By Vincent Williams | Posted 12/10/2008

Now that the holidays have hit, I am officially ready for 2008 to be over because, try as I might, there is nothing left to say about this past year. Barack Obama, the economy, race, class, gender, all of the arts--I think everyone has blogged, commentated, and, uh, columned as much as we can, and now we're just squeezing the figurative toothpaste tube trying to get out that last little bit of year-end stuff. And, damn it, between bloggers, fellow columnists and that friggin' "24 hour newscycle," we're all bumping into each other and it's annoying the hell out of me. I need the New Year to start so some more stuff can happen and I can get some friggin' subject-matter elbow room.

'Cause, lemme tell ya, this is my third go-around at this week's column. I had a lovely, do you hear me, lovely, column mentally written about Kanye West's new album, 808s and Heartbreak. I juxtaposed my analysis of it with Q-Tip's new album, and it featured keen insight into the communal nature of hip-hop and the back and forth of the freestyle cipher over the syncopation of the soul clap, and I used words like "interiority" and waxed poetic on the rarely acknowledged warmth of the urban landscape and the moving feast of summertime block parties and ethnic celebrations. Oh, it was brilliant, brilliant, I tell you! But, of course, between then and now, because I'm biweekly, everybody and their uncle has written about it. Now, if I had weekly slot, maybe, I would have been OK, but then that's Mr. Wrong's shtick, isn't it?

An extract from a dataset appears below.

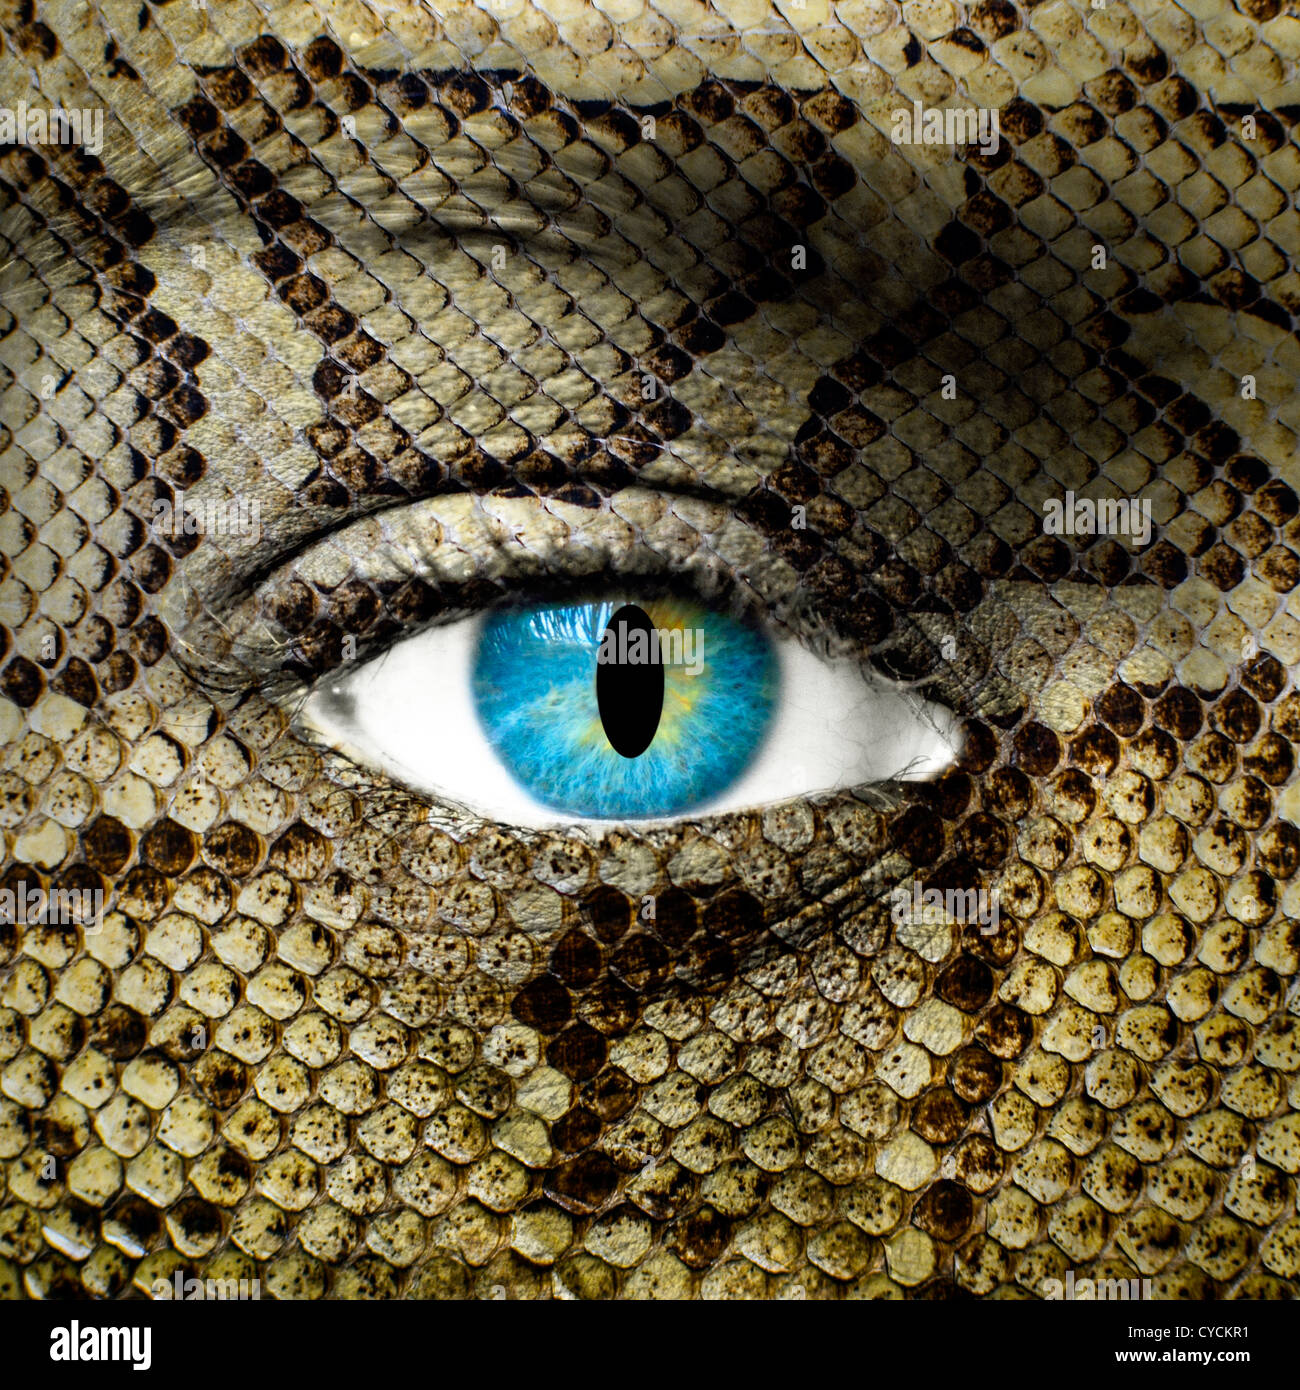 12,992 Snake Skin Texture Stock Photos - Free & Royalty-Free Stock Photos  from Dreamstime

Speaking of which, then, then, I was going to use the Wal-Mart trampling to examine the holiday rush for material goods and how, in some ways, society is responsible for Jdimytai Damour's death. I had personal memories and cited a financial study I had seen, and I got to use "sturm und drang" in a sentence because nothing says Serious like German phrases! It was sensitive, yet funny, and self-deprecating but insightful in its commentary on Our Modern World. Of course, one of my fellow columnists--again, Joe "Mr. Wrong" MacLeod--already did the Wal-Mart thing in his last column. I swear, the one week I skip reading him . . . .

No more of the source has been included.